====== AVAILABLE DATA ======

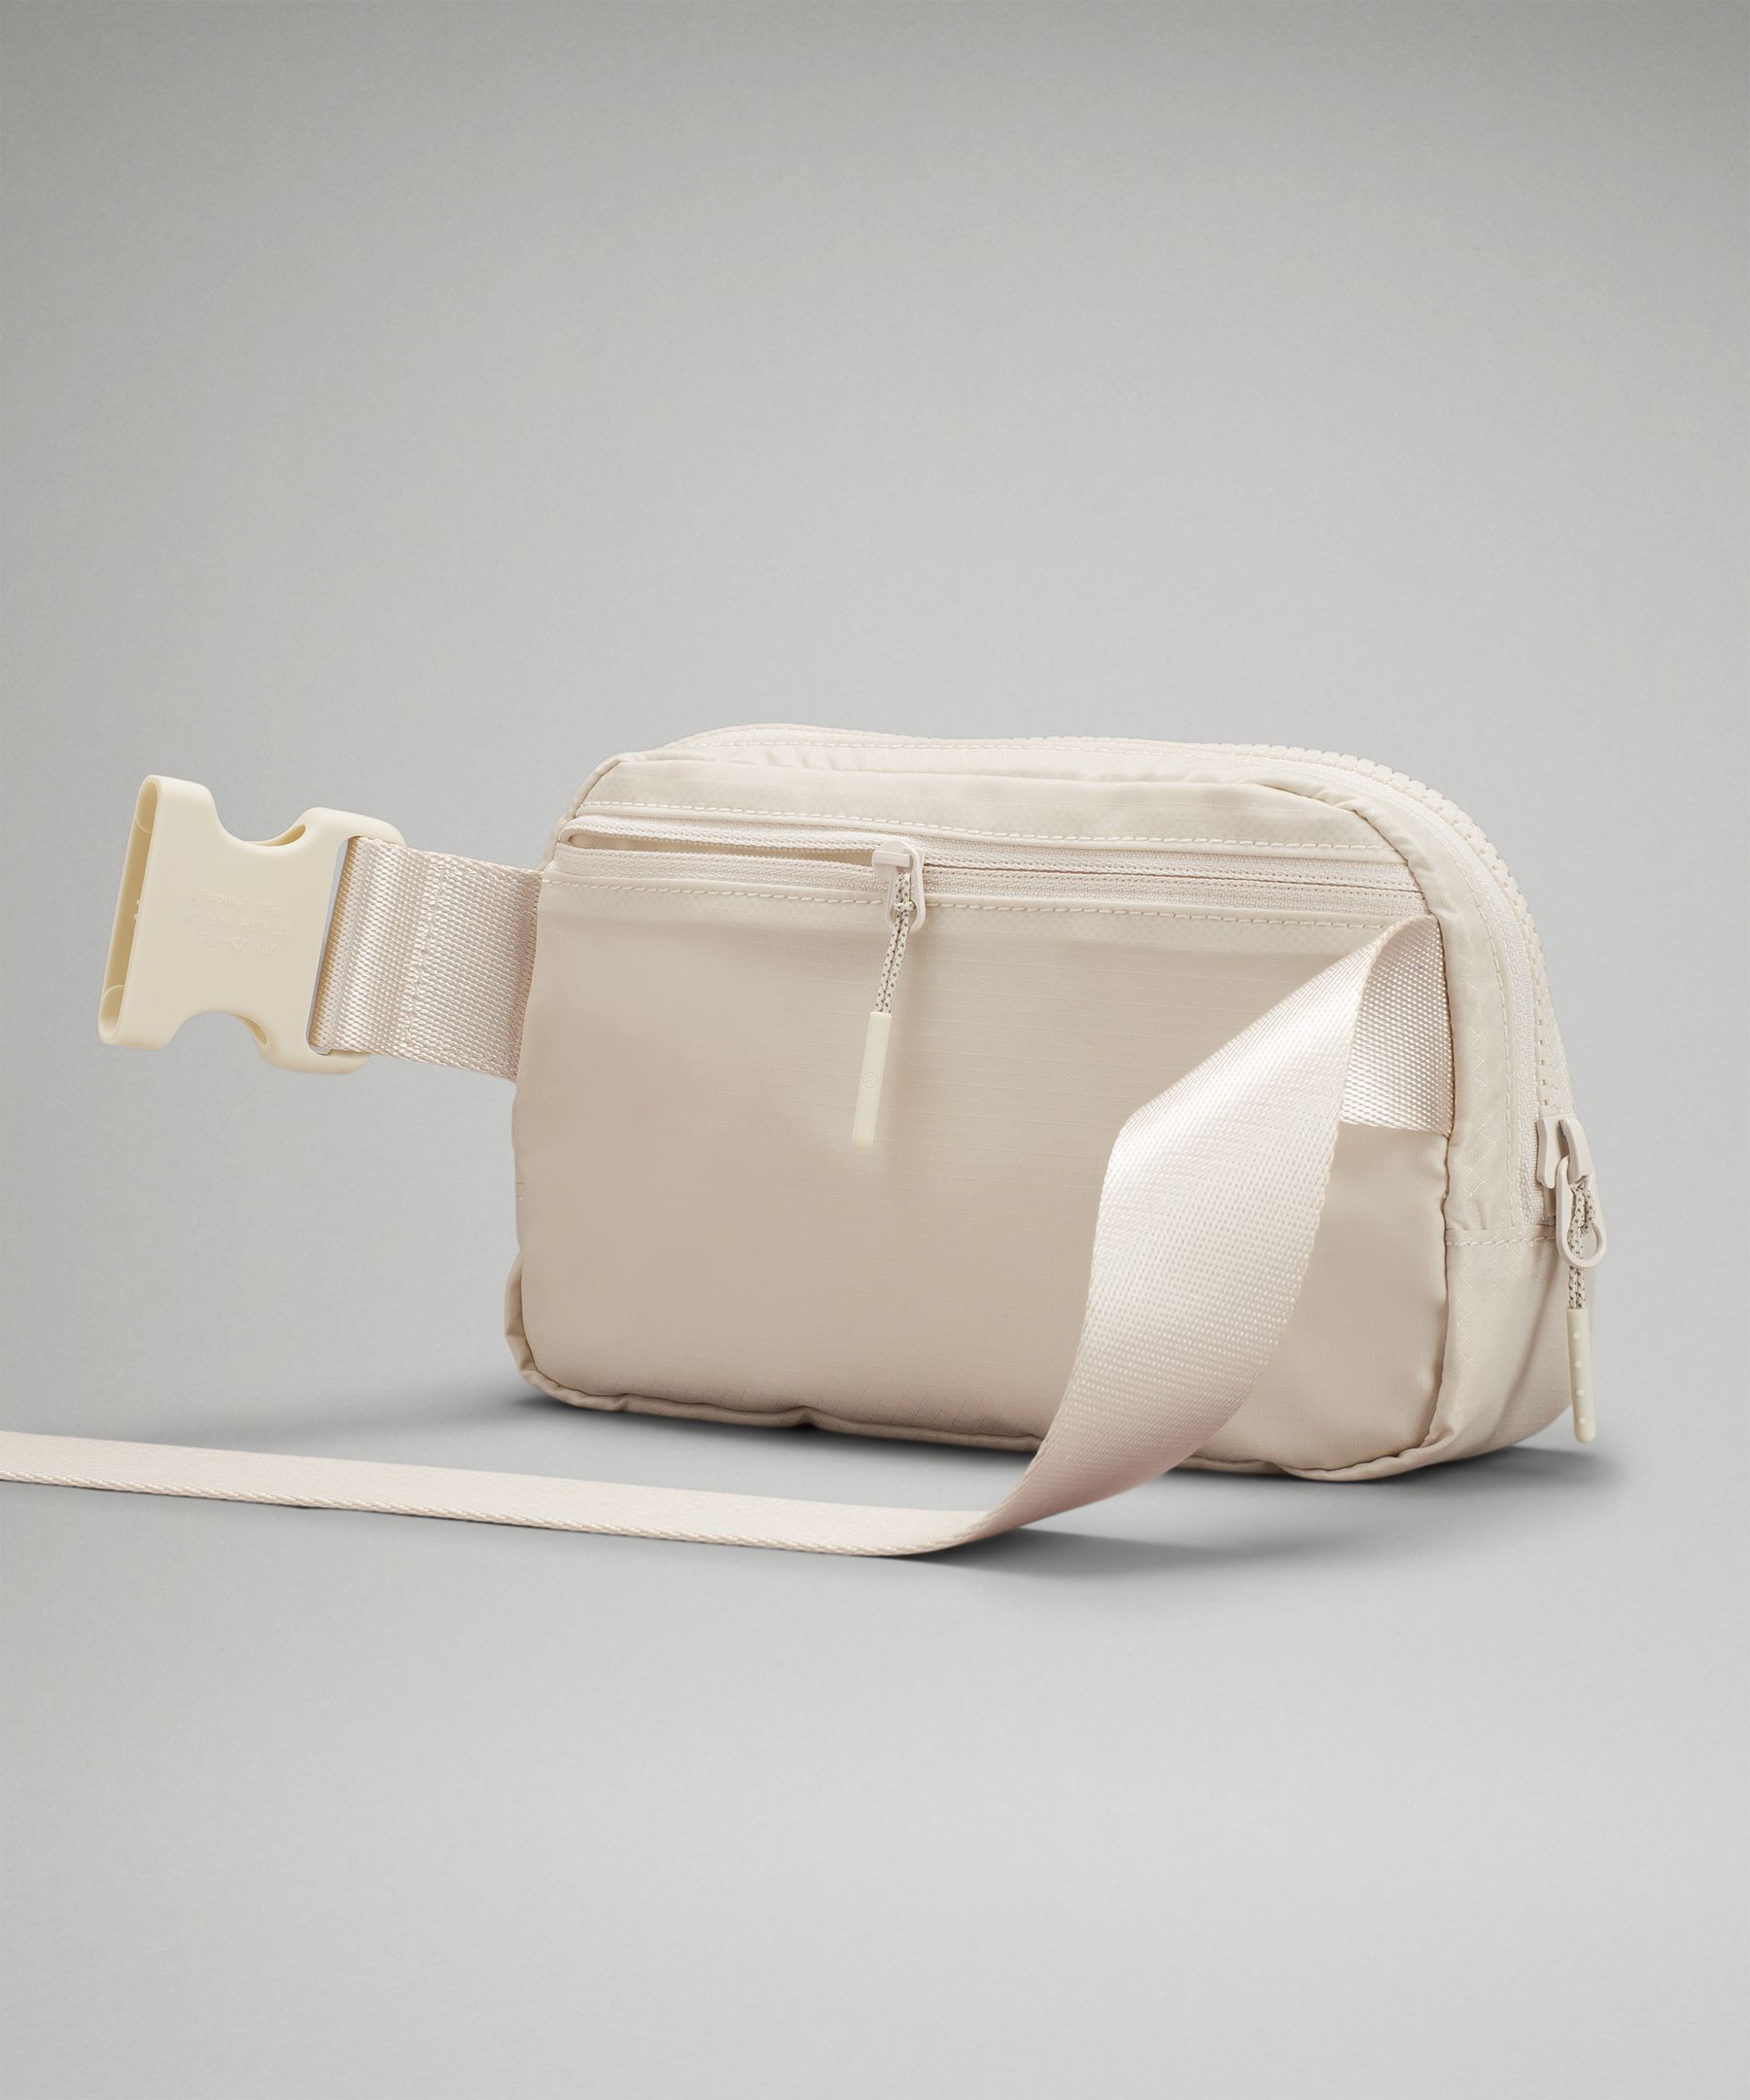 Lululemon Everywhere Belt Bag bundle /3 bags/ White Opal, silver drop
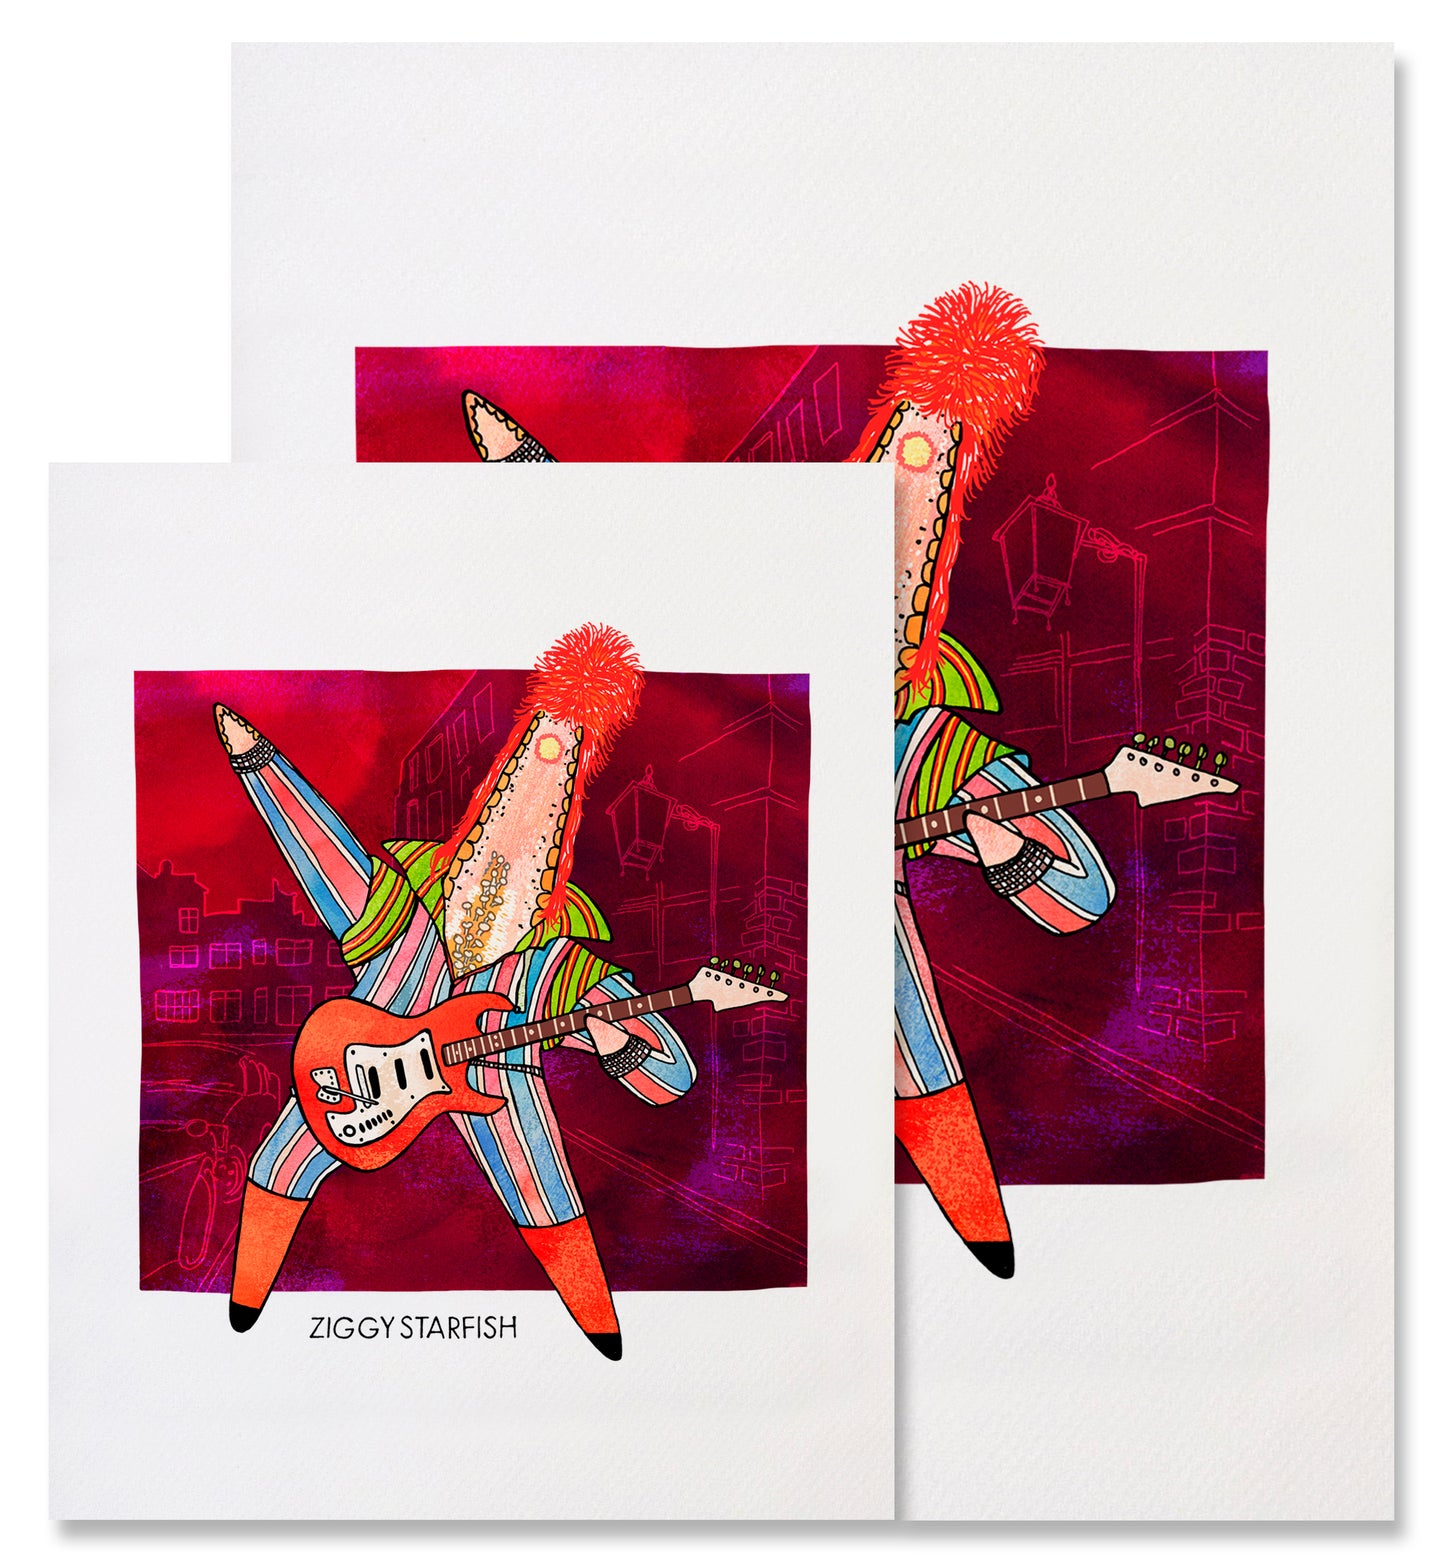 Ziggy Starfish - Illustrated Funny Pun Everyday Card
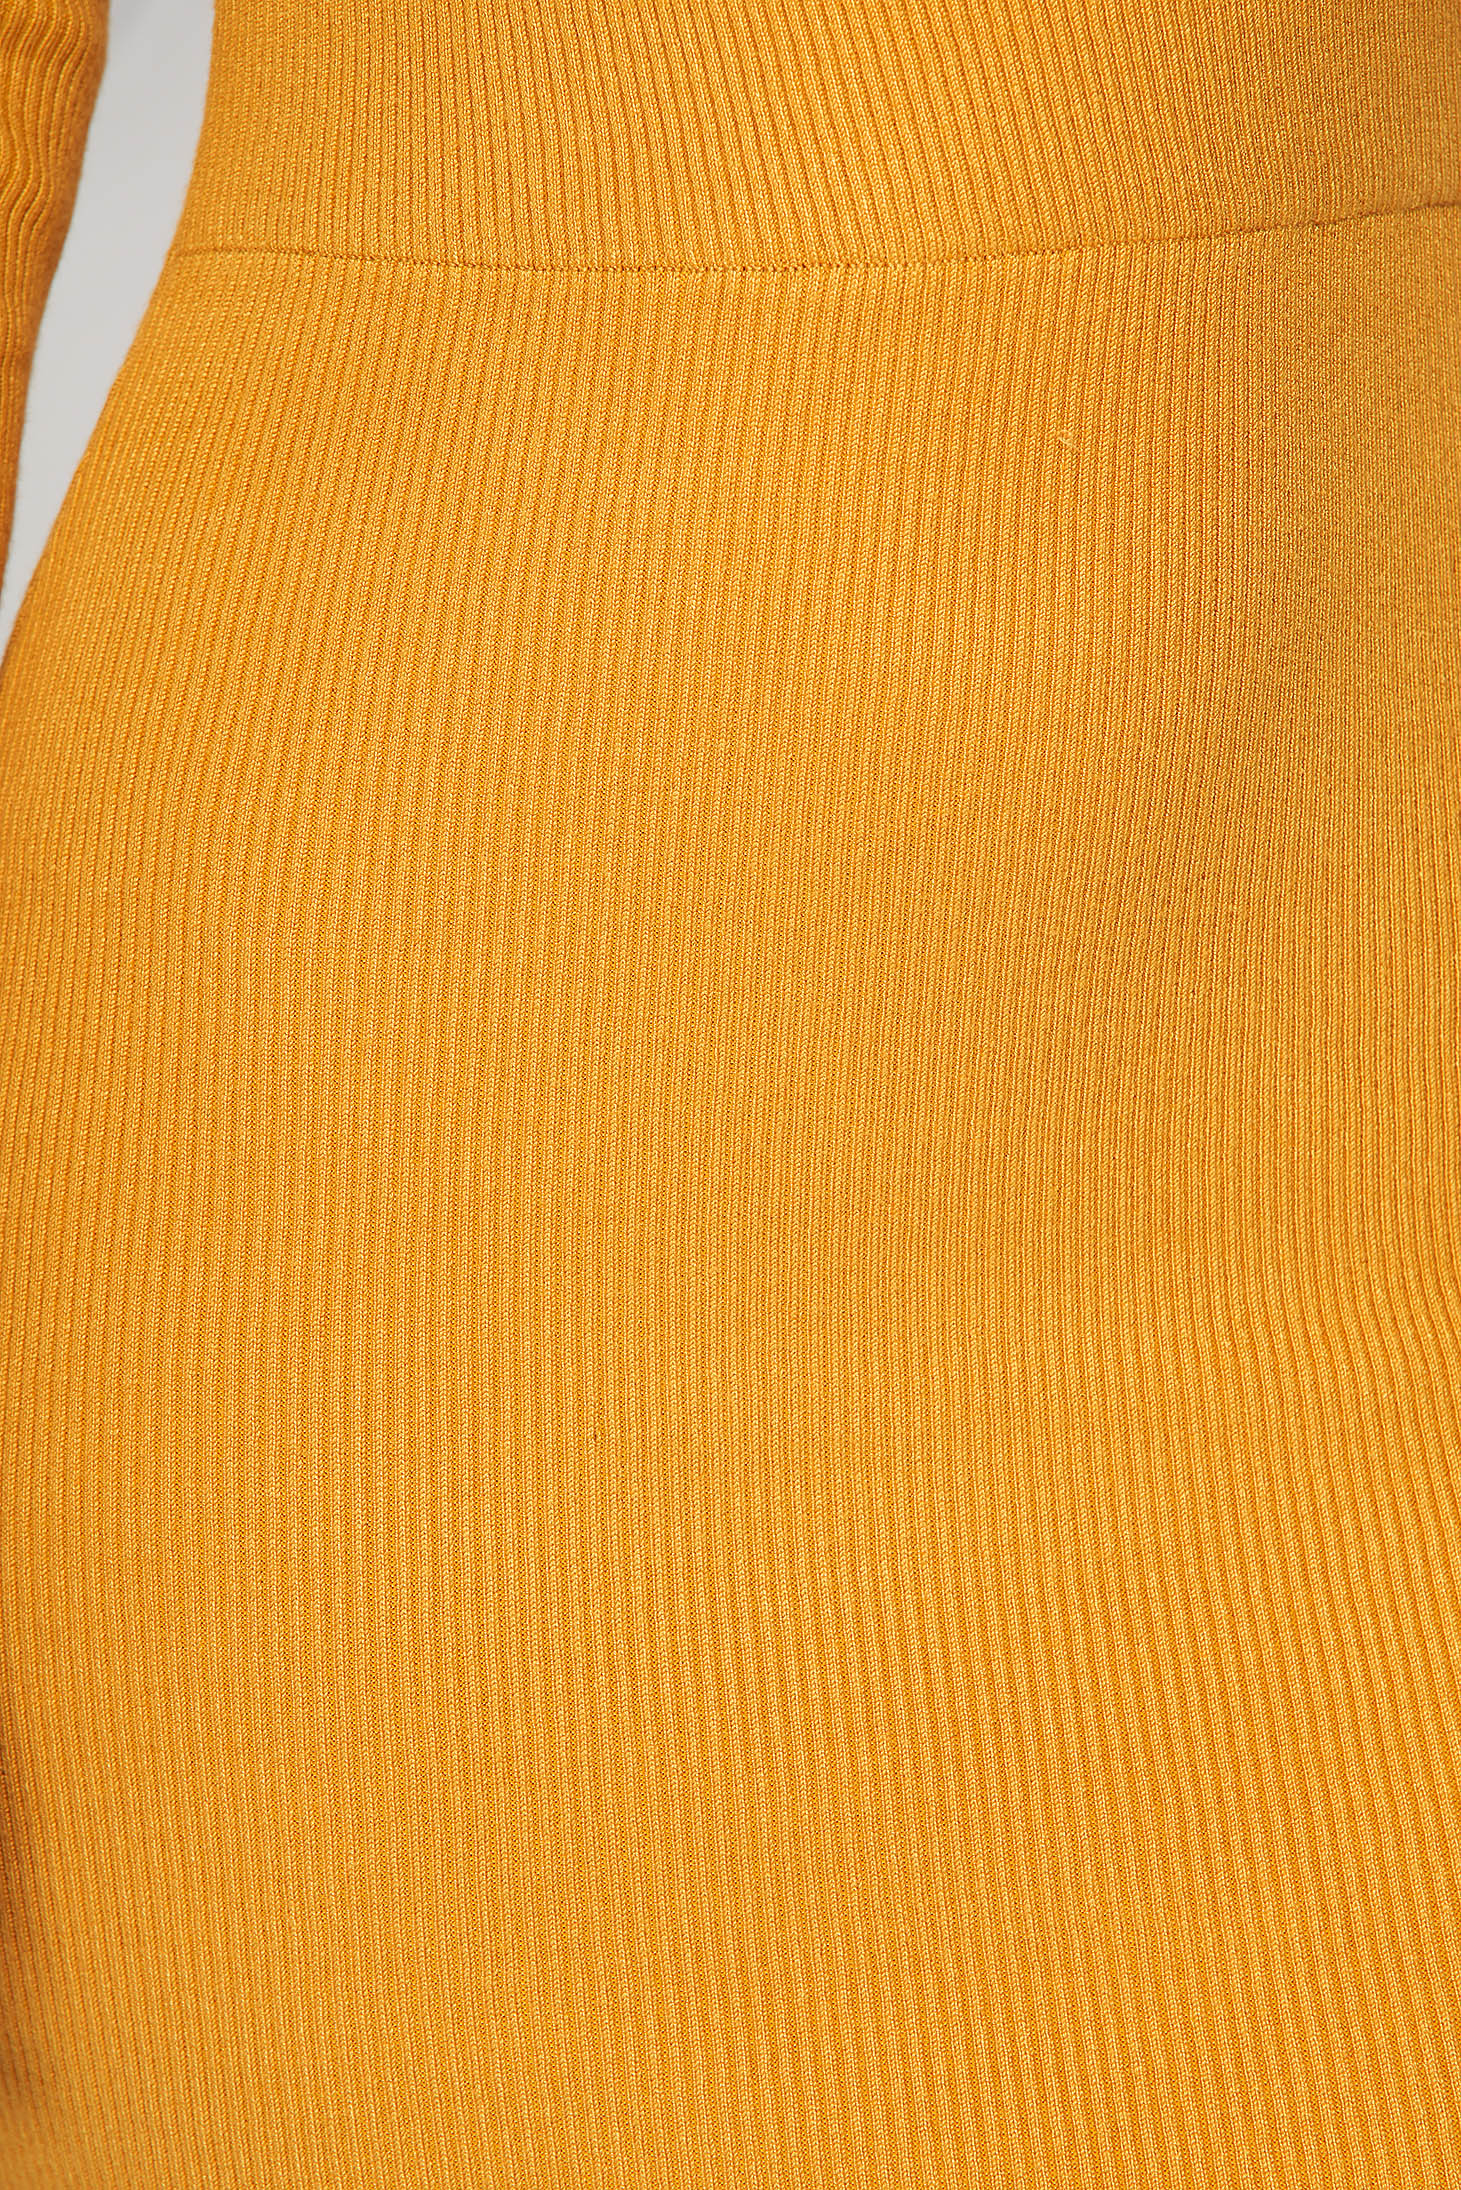 Rochie SunShine mustarie din tricot reiat elastic si fin tip creion cu aplicatii de dantela 4 - StarShinerS.ro

======

_TRY IT_
The result should be the listing above, restated exactly, with no pictures in it.

_SOLUTION TO THIS EXERCISE_
 Lululemon Everywhere Belt Bag bundle /3 bags/ White Opal, silver drop
 Ziggy Starfish - Illustrated Funny Pun Everyday Card
 Rochie SunShine mustarie din tricot reiat elastic si fin tip creion cu aplicatii de dantela 4 - StarShinerS.ro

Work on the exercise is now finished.